__TASK ITEM__. Transcribe the listing below exactly, without pictures.

__PROVIDED DATA__.

----------

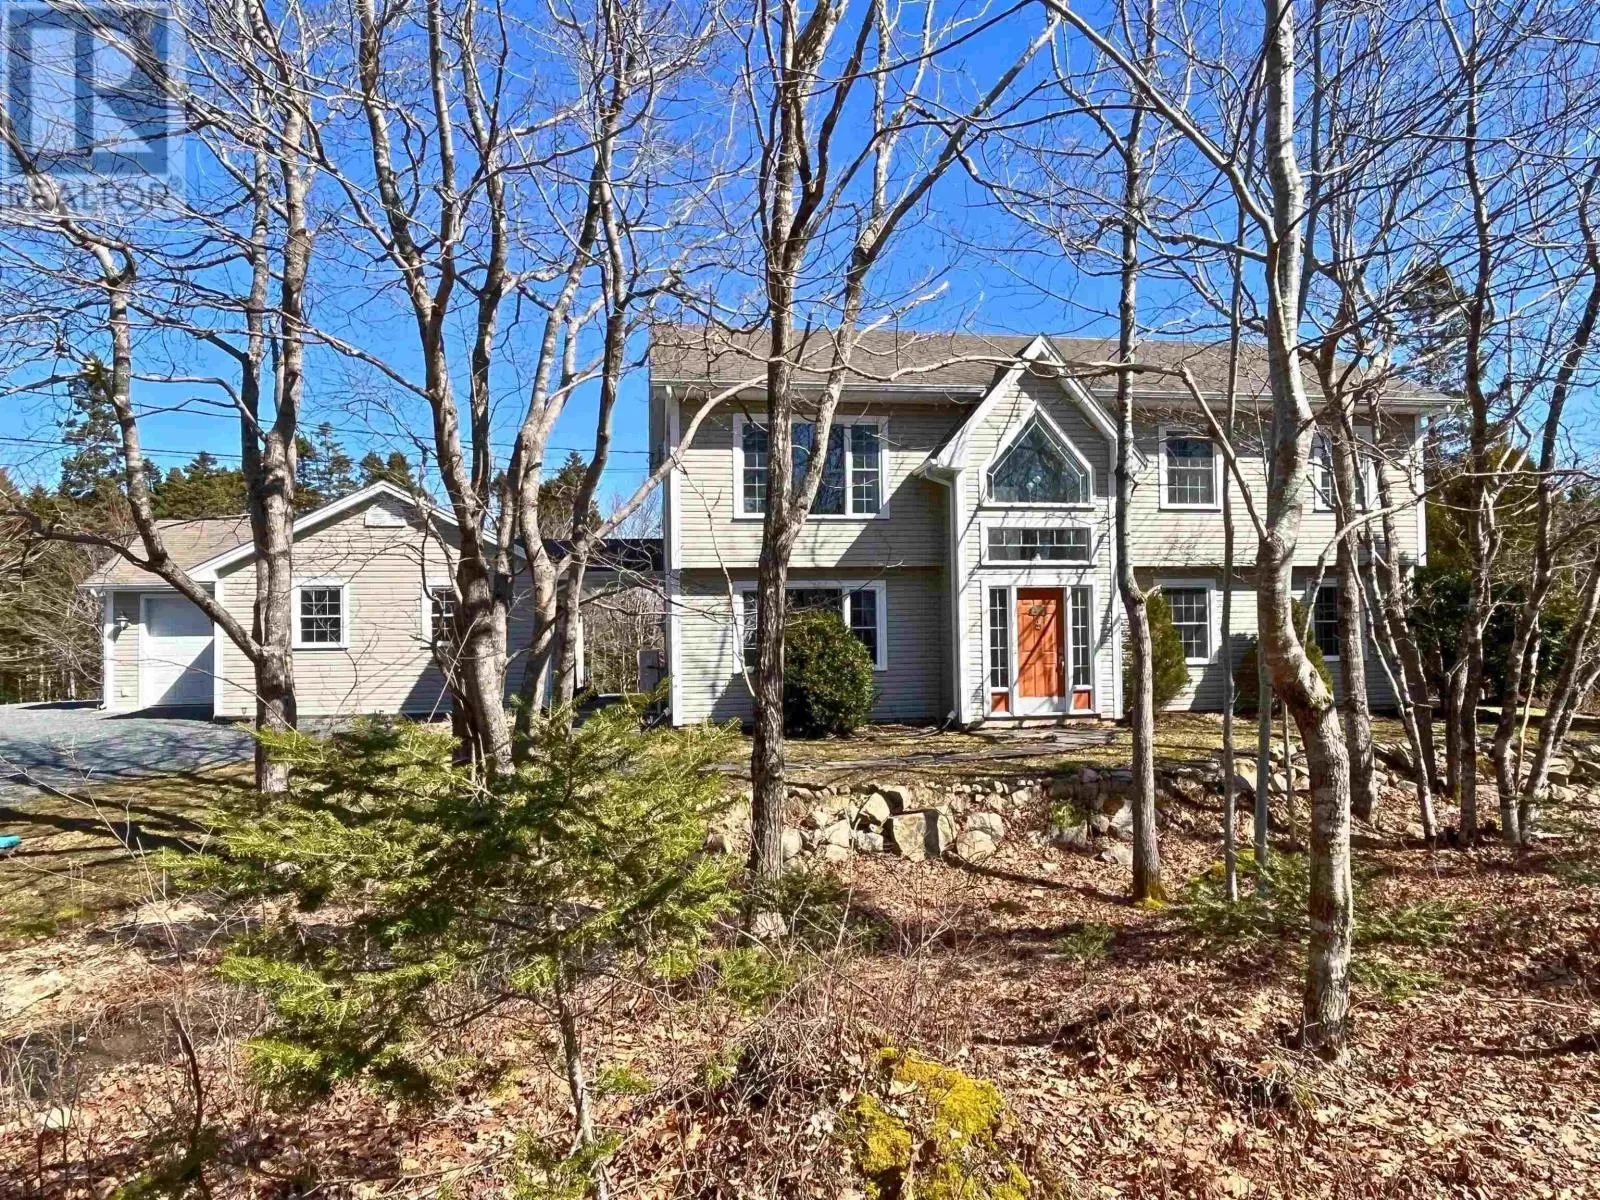 House for rent: 398 Abbey Road, Stillwater Lake, Nova Scotia B3Z 1P3
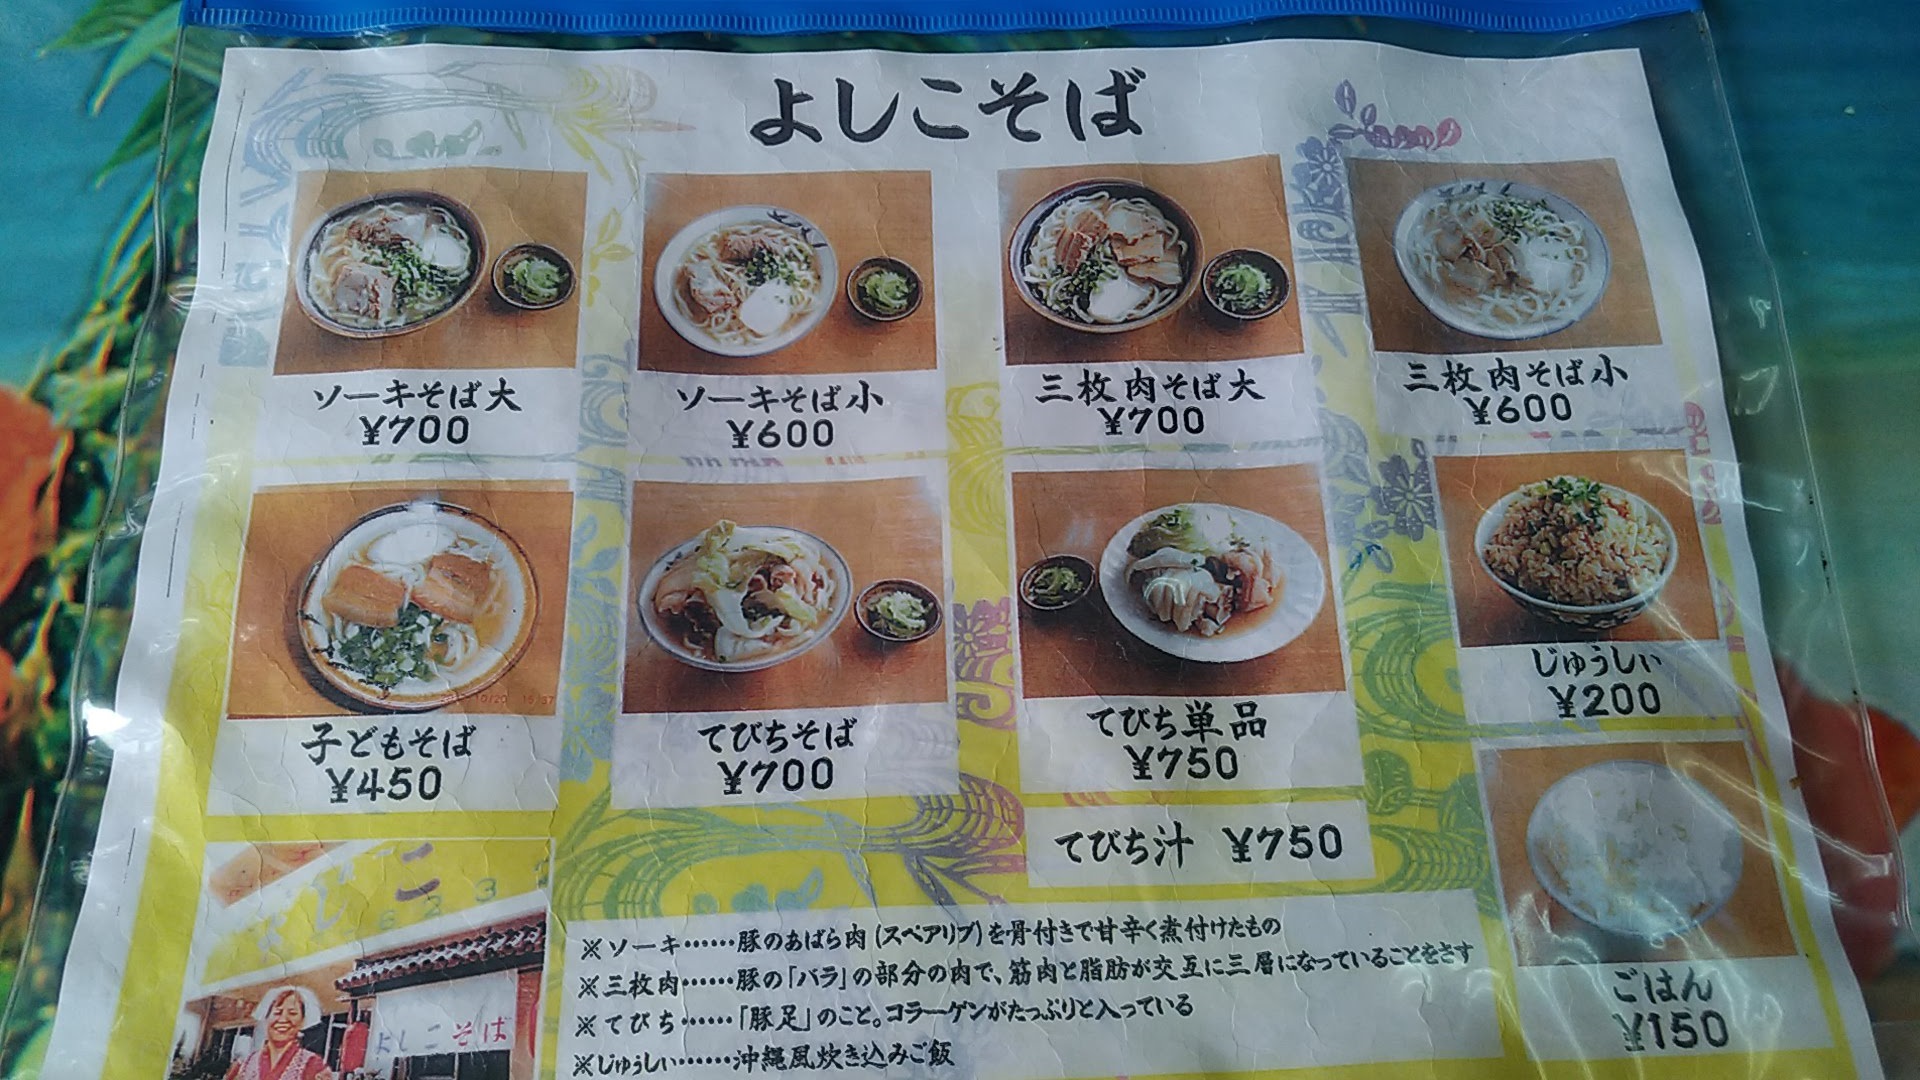 The menu of Sobaya Yoshiko
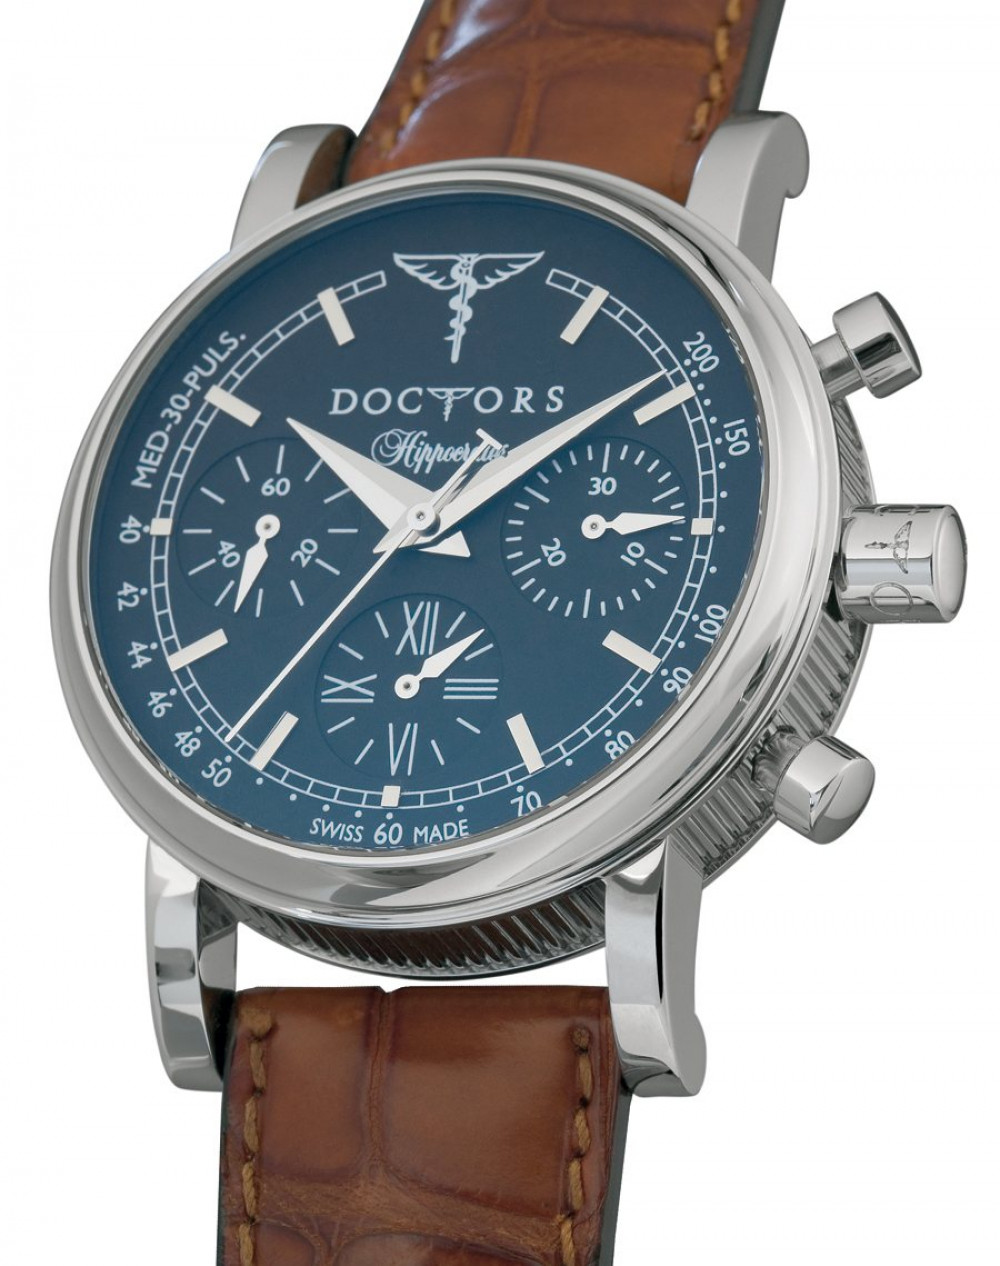 Zegarek firmy Doctors, model Hippocrates
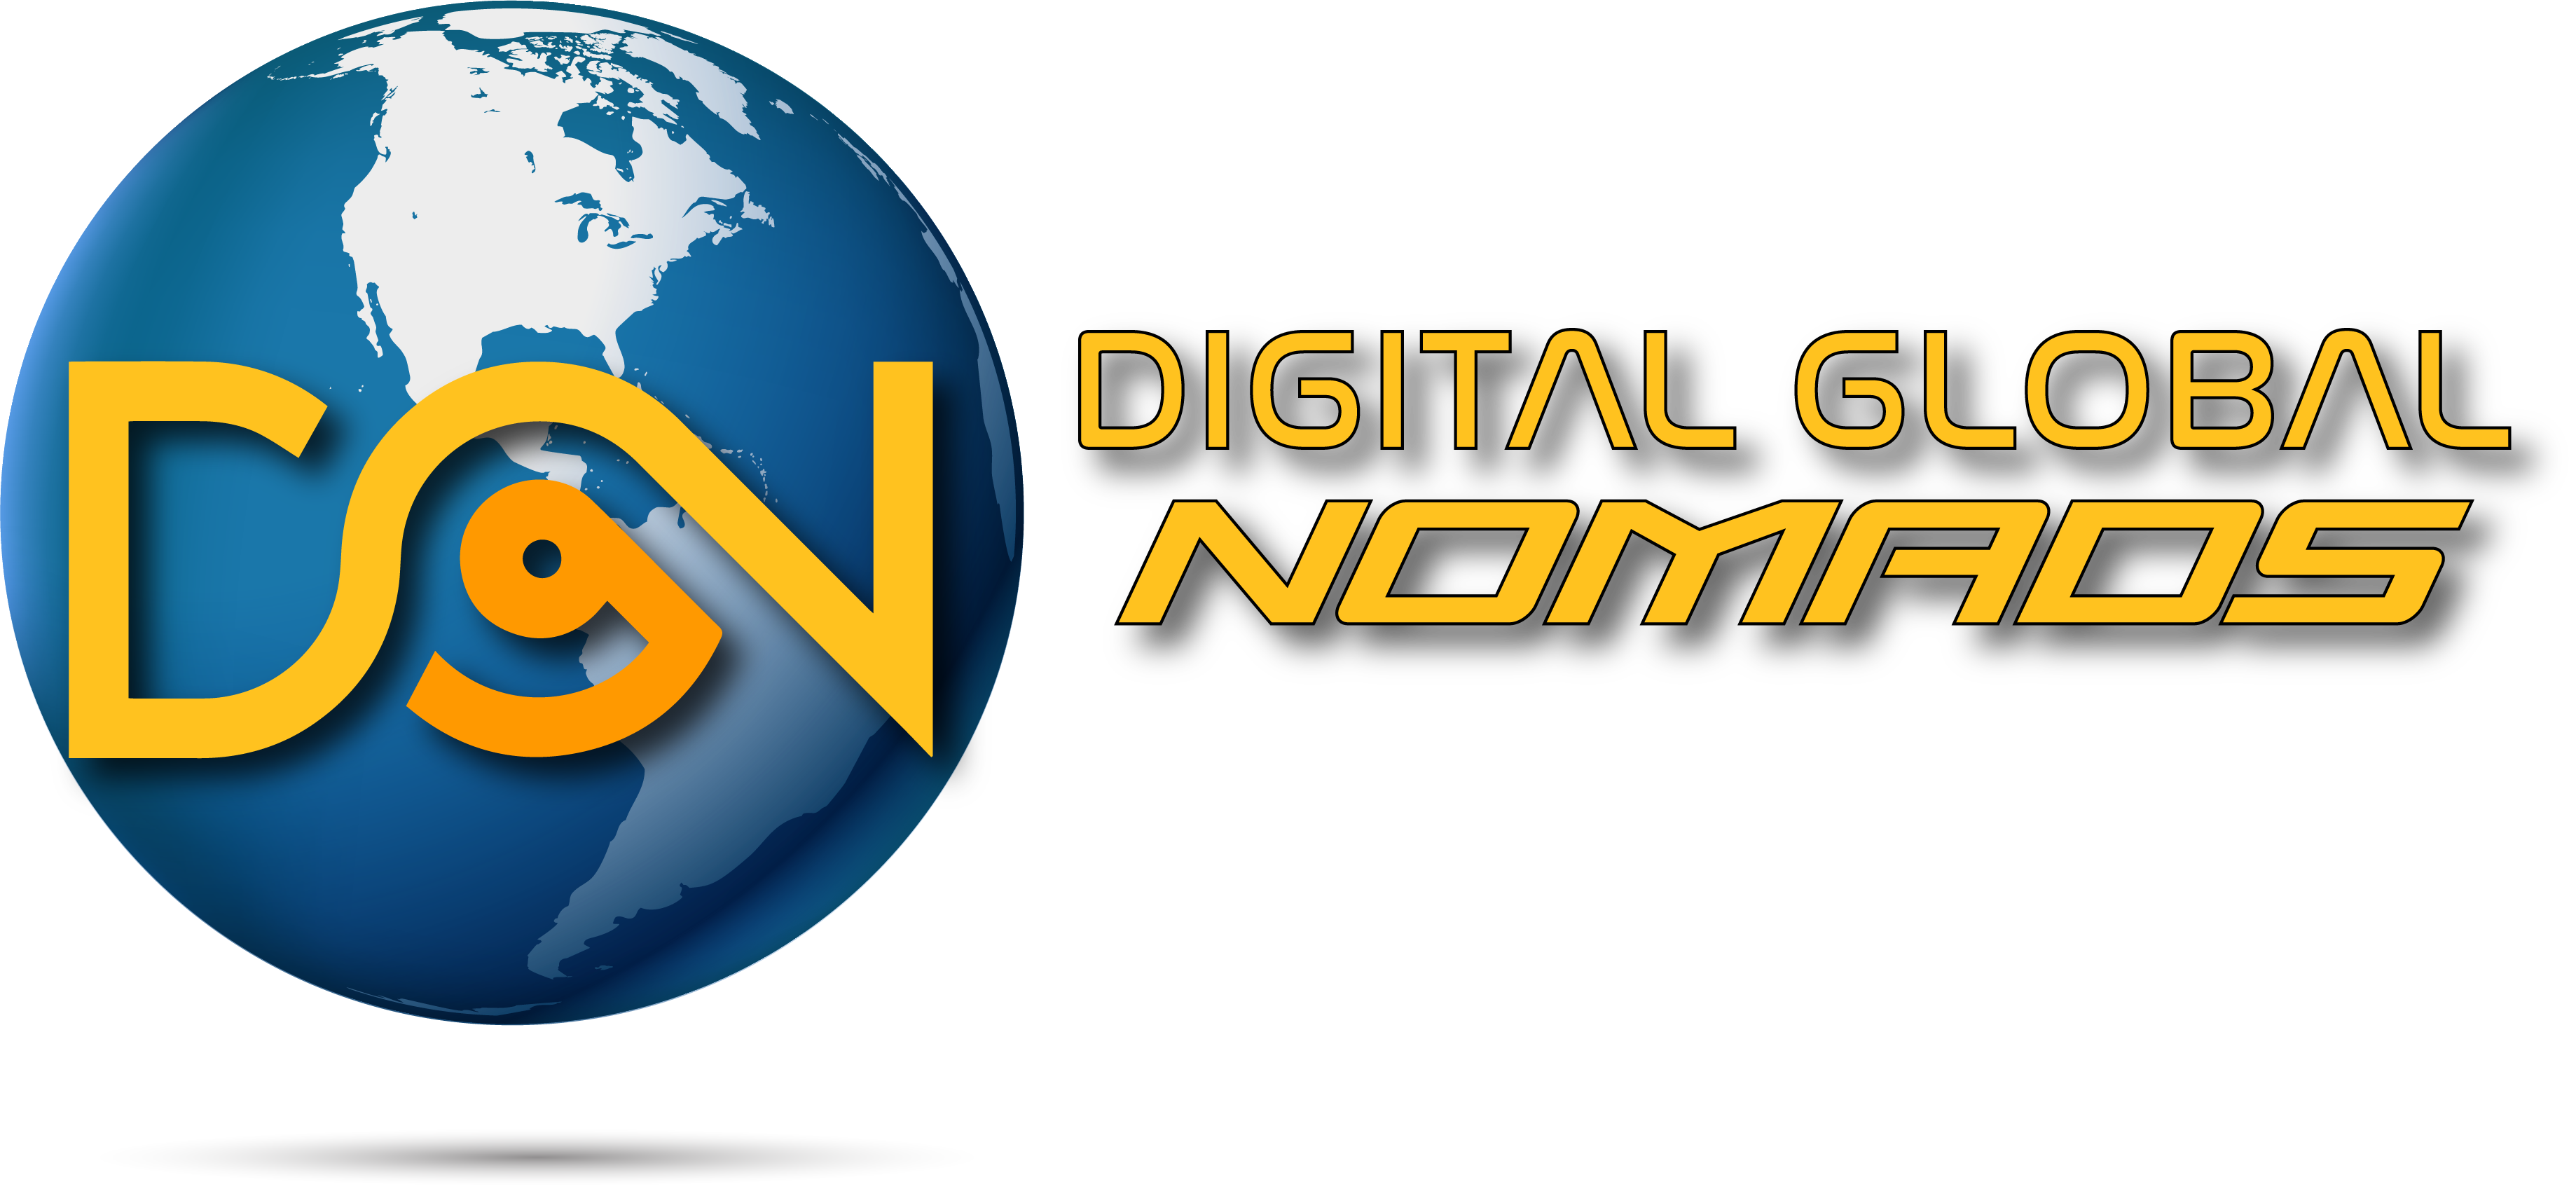 Digital Global Nomads

----------

__TASK OUTPUT__.
 House for rent: 398 Abbey Road, Stillwater Lake, Nova Scotia B3Z 1P3
 The menu of Sobaya Yoshiko
 Zegarek firmy Doctors, model Hippocrates
 Digital Global Nomads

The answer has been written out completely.